-- Material provided follows --

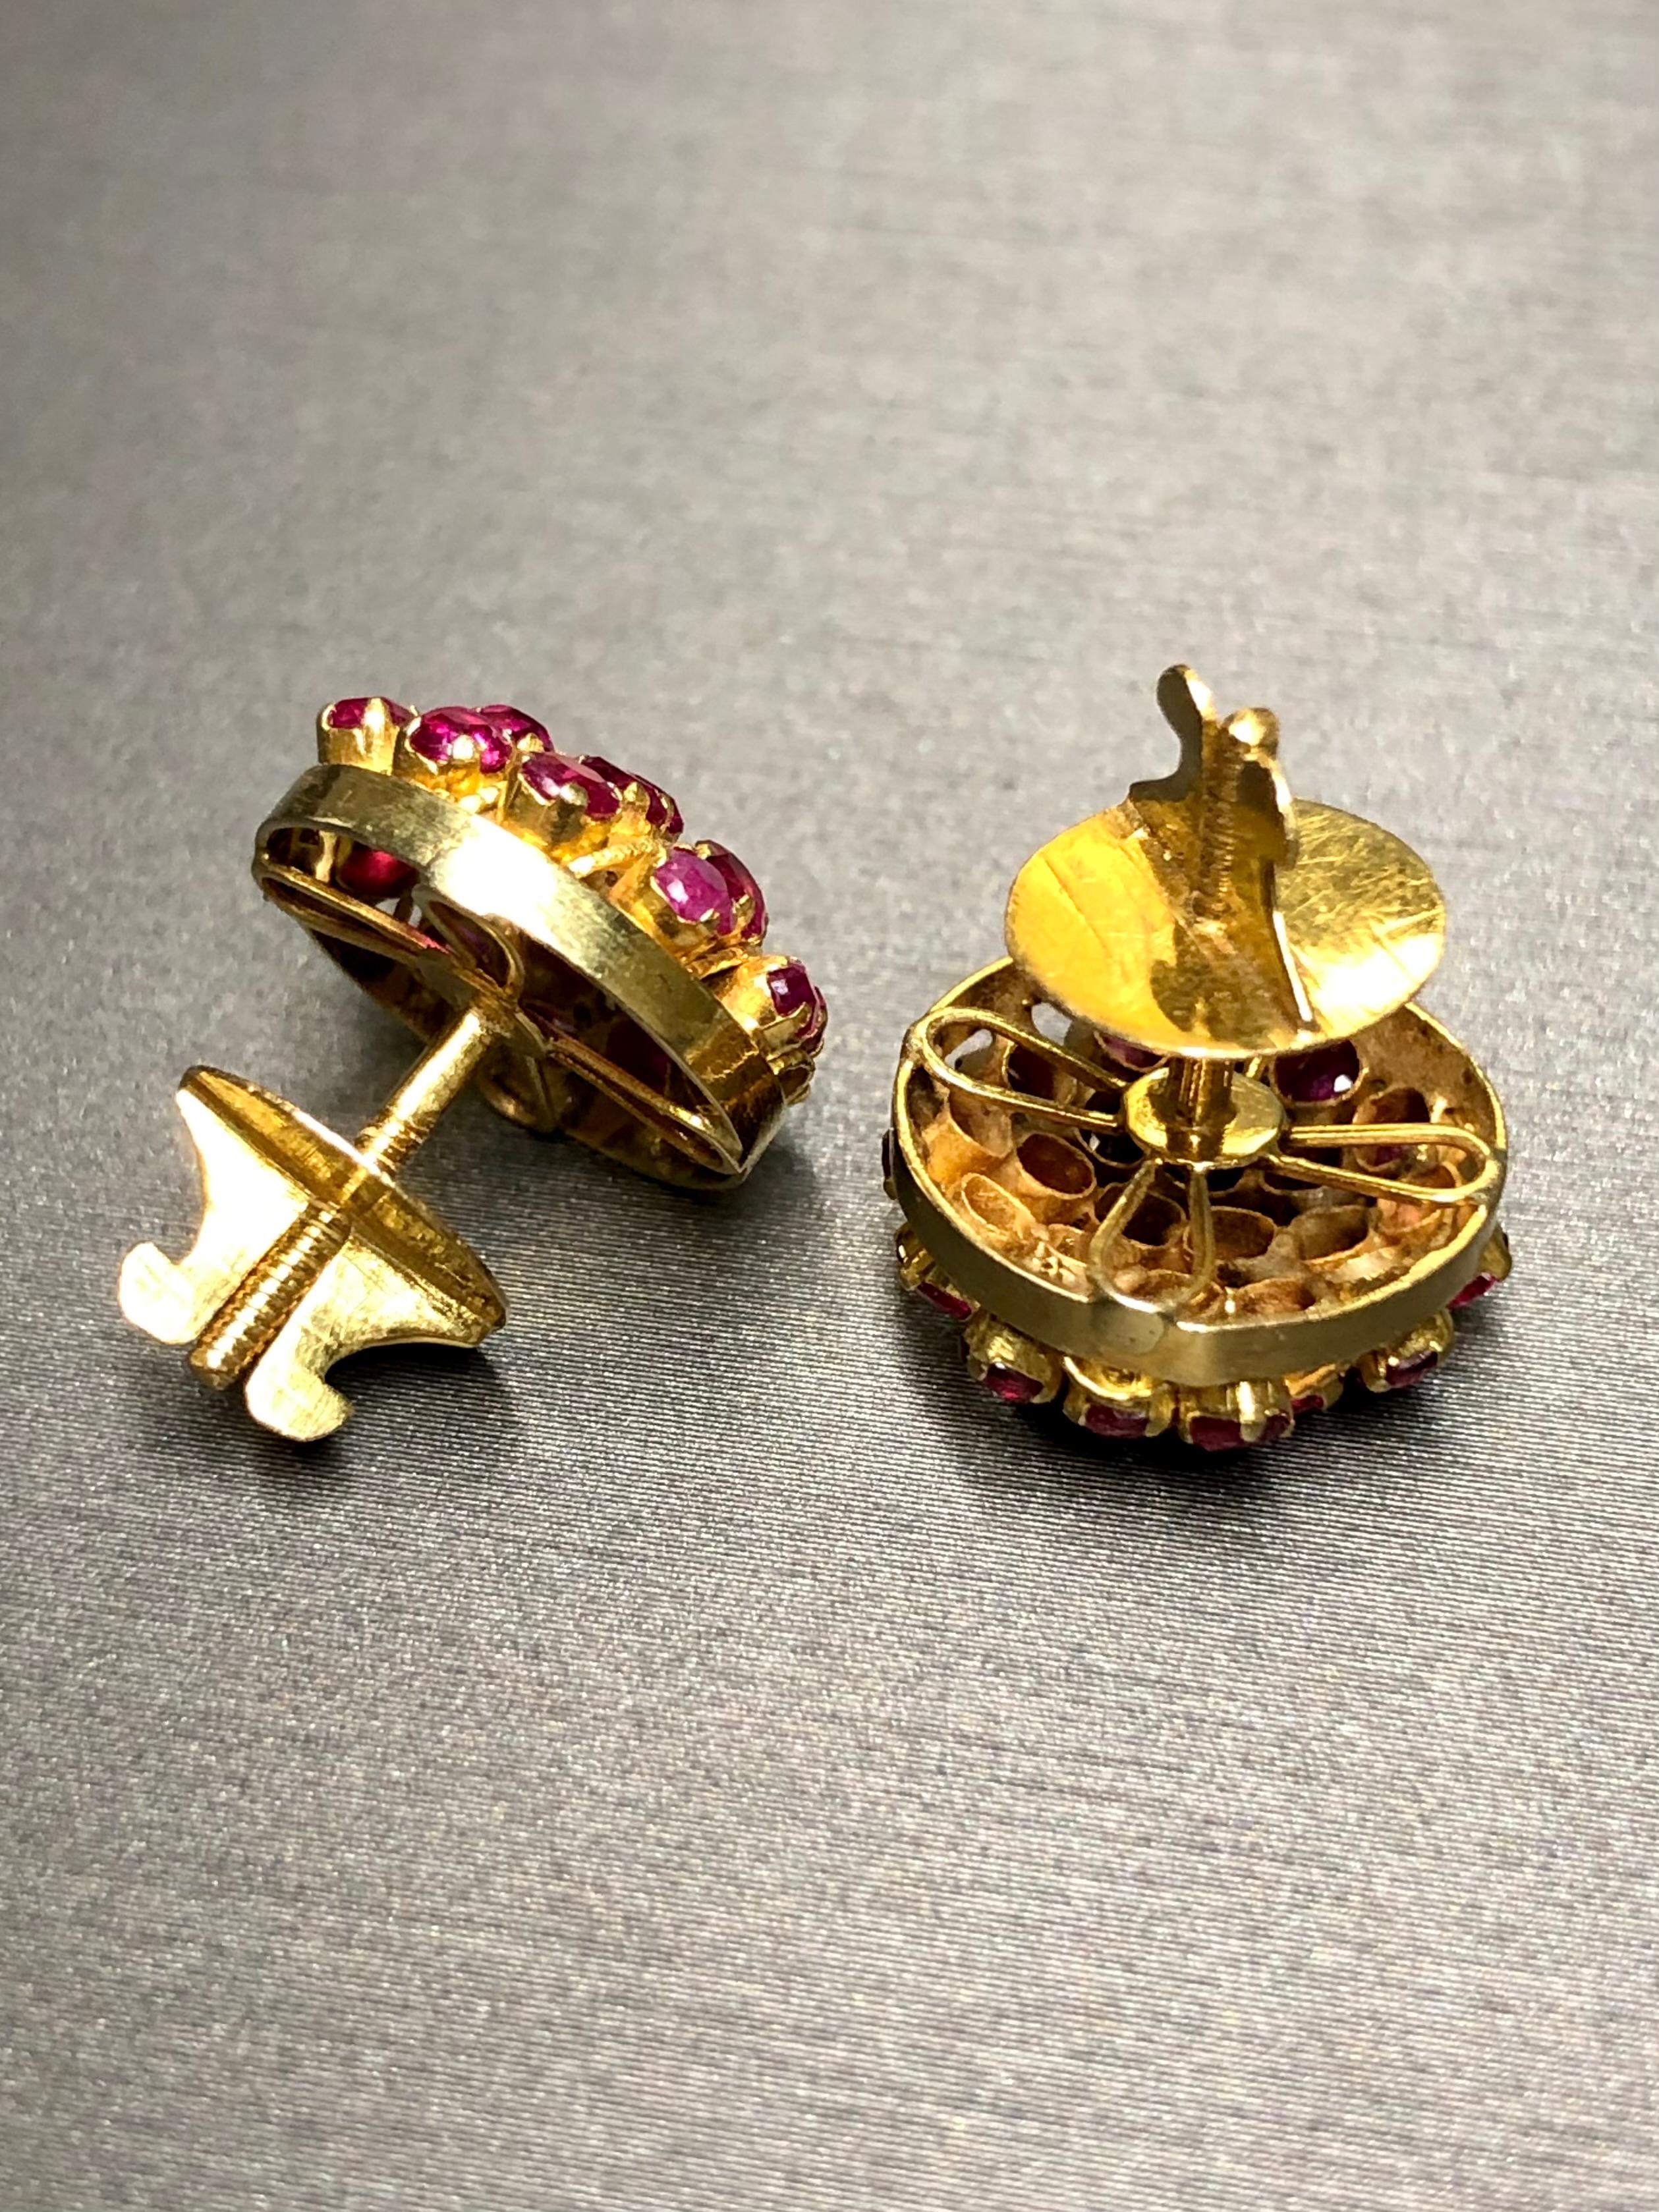 Estate 24K Round Cluster Ruby Stud Screwback Earrings 4cttw In Good Condition For Sale In Winter Springs, FL
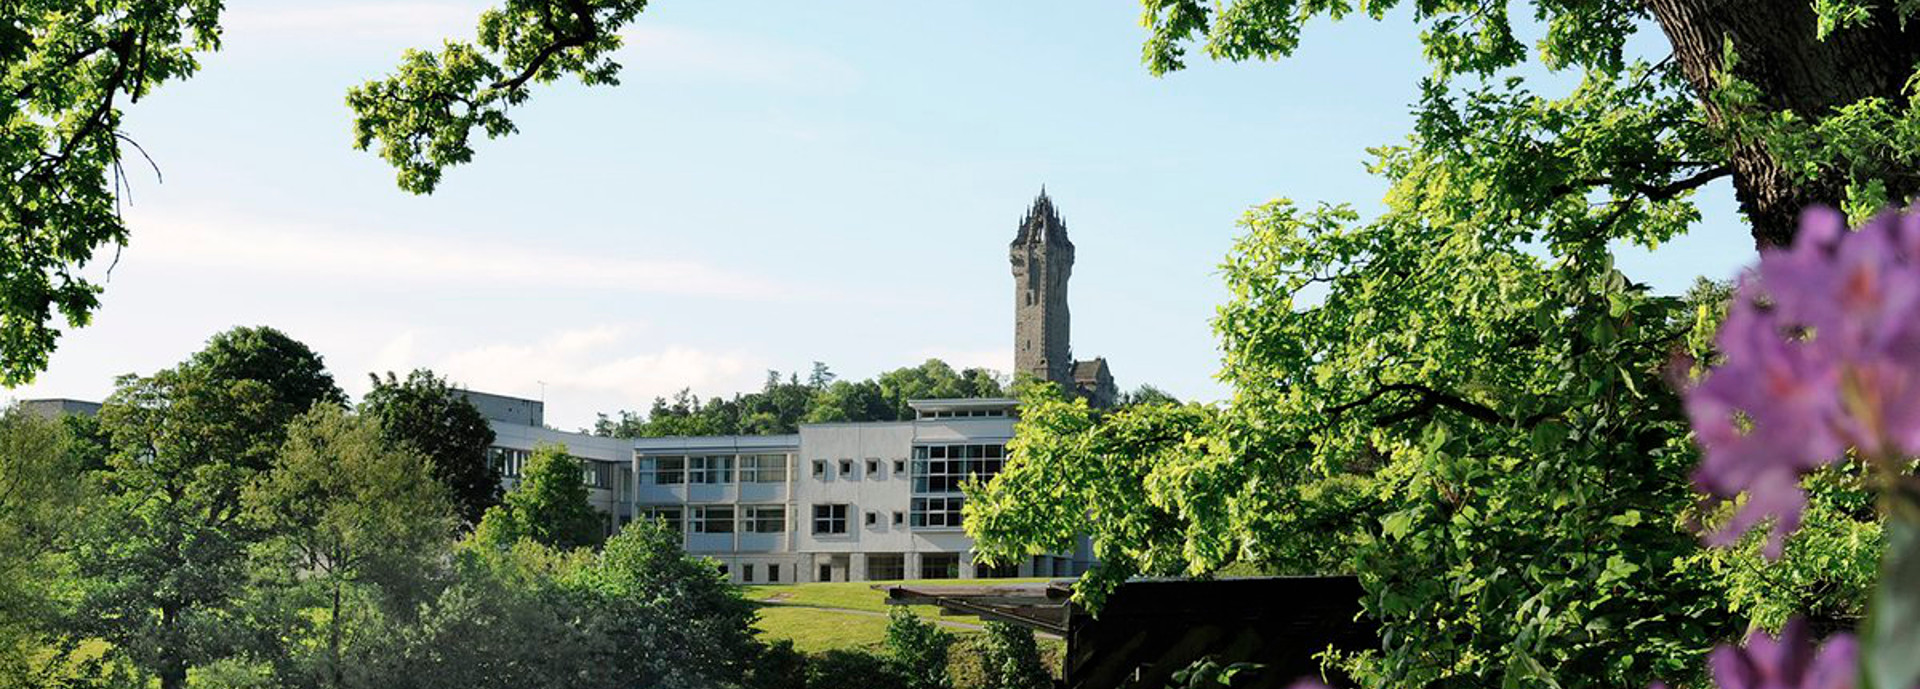 An image of the university campus
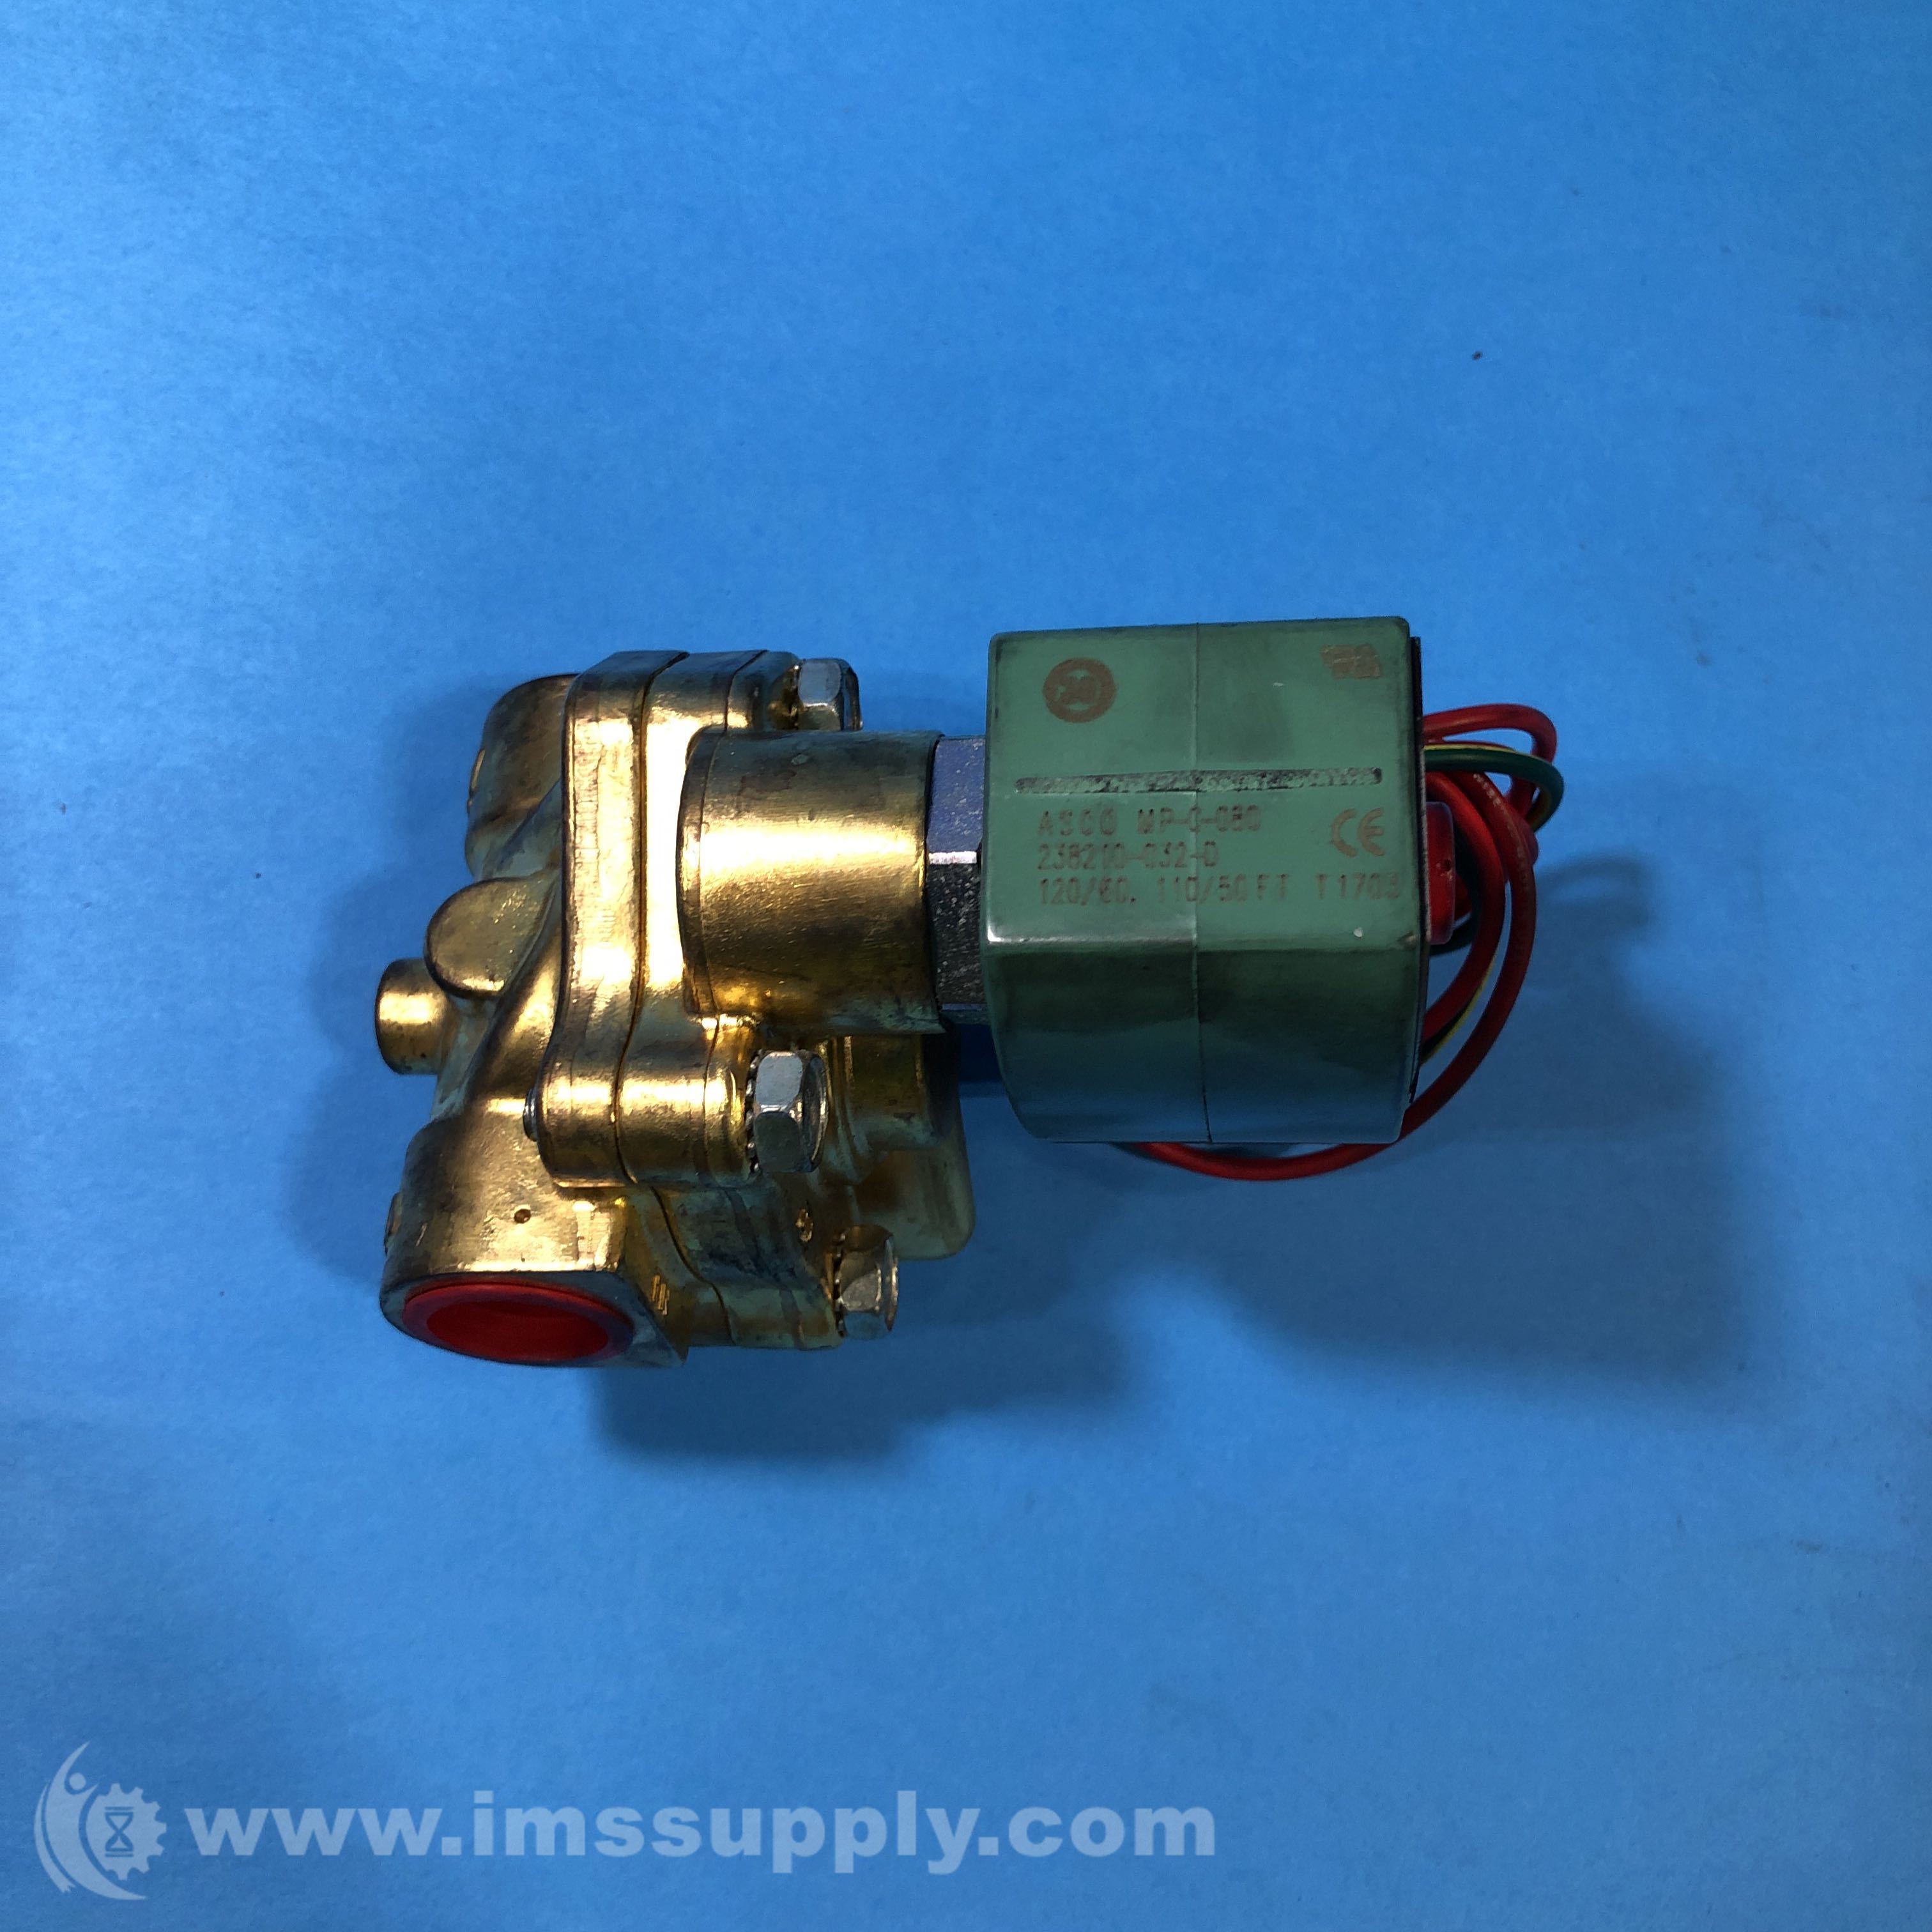 ASCO 8221G005-120 60,110 50 Brass Body Pilot Operated Slow Closing Solenoid Valve, 4" Pipe Size, 2-Way Normally Closed, Nitrile Butylene Sealing,  - 3

-- Material provided concluded --

# [Task directions]
Using the listing above, copy every line from the line containing "An image of the university campus" through the last one, both included, and no other lines. Pictures stay out.

# [Task result]
 An image of the university campus
 ASCO 8221G005-120 60,110 50 Brass Body Pilot Operated Slow Closing Solenoid Valve, 4" Pipe Size, 2-Way Normally Closed, Nitrile Butylene Sealing,  - 3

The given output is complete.